======== Exercise input
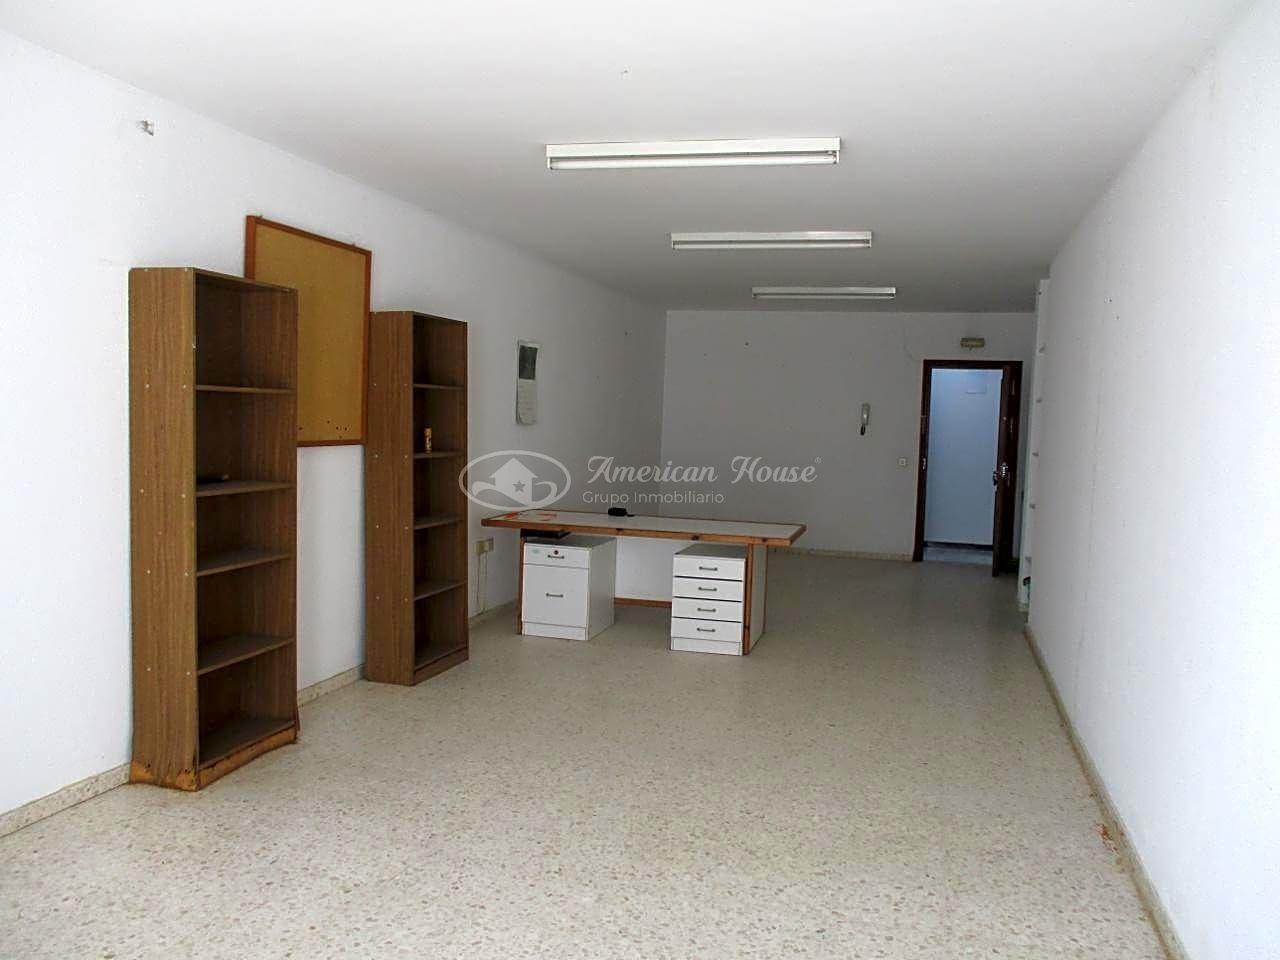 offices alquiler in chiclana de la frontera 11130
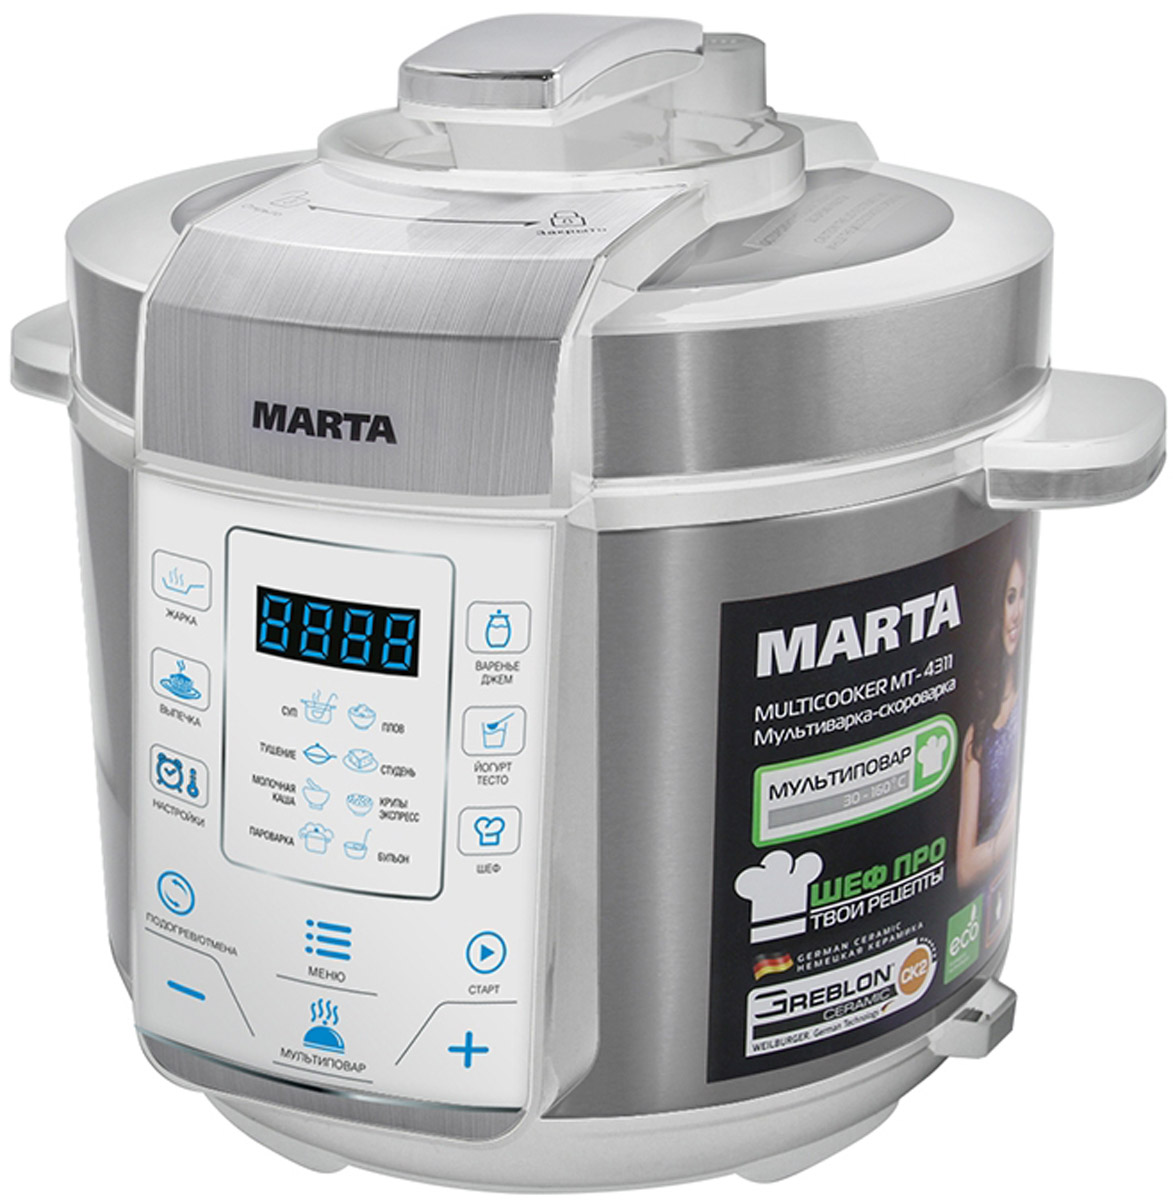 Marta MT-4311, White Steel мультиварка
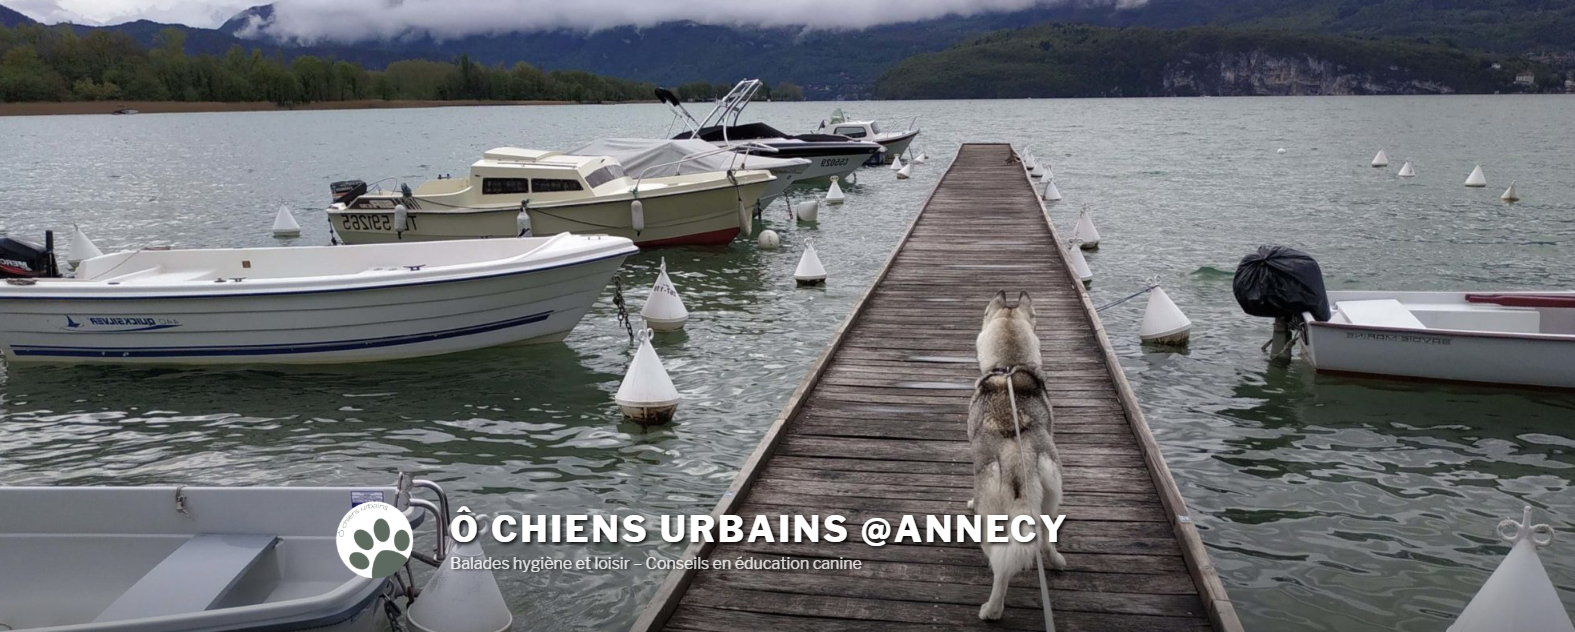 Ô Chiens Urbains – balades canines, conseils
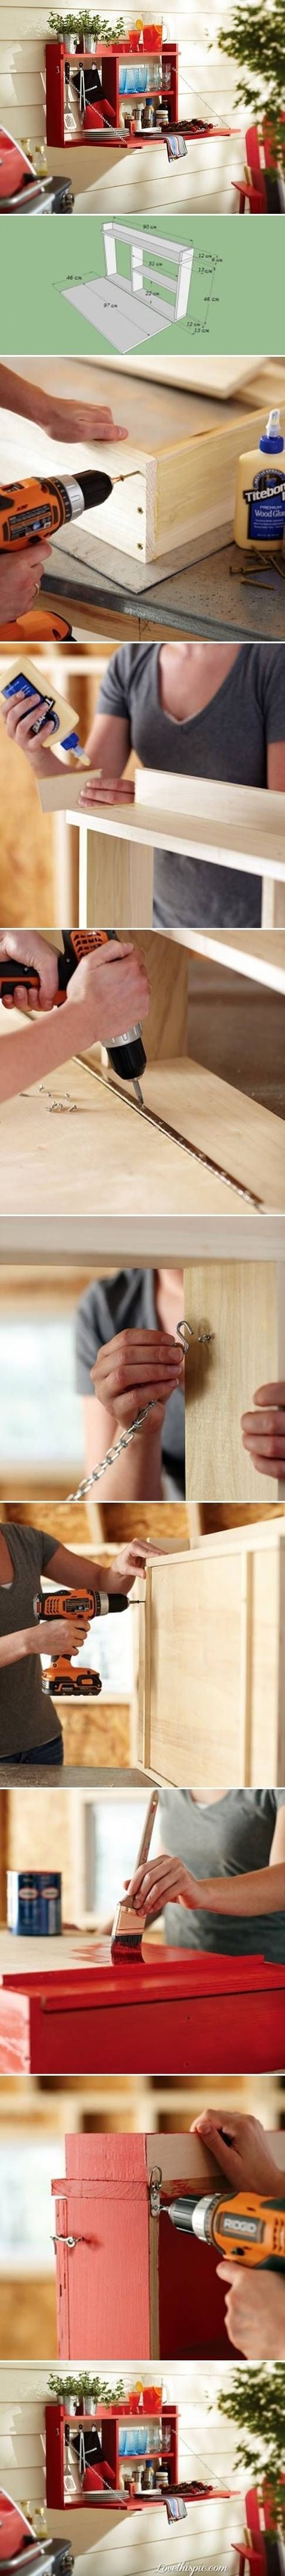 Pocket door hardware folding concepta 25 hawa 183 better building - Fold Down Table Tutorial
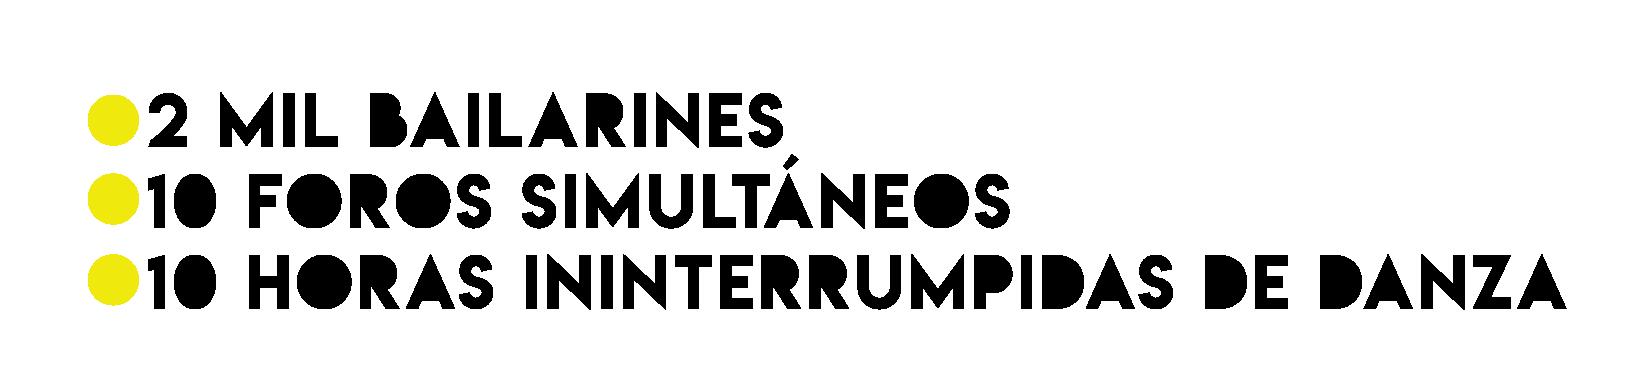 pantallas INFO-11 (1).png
================
The problem: Since the copy should hold text only, set down each record exactly and leave the pictures out.

Answer for this exercise:
 offices alquiler in chiclana de la frontera 11130
 Marta MT-4311, White Steel мультиварка
 Ô Chiens Urbains – balades canines, conseils
 Pocket door hardware folding concepta 25 hawa 183 better building - Fold Down Table Tutorial
 pantallas INFO-11 (1).png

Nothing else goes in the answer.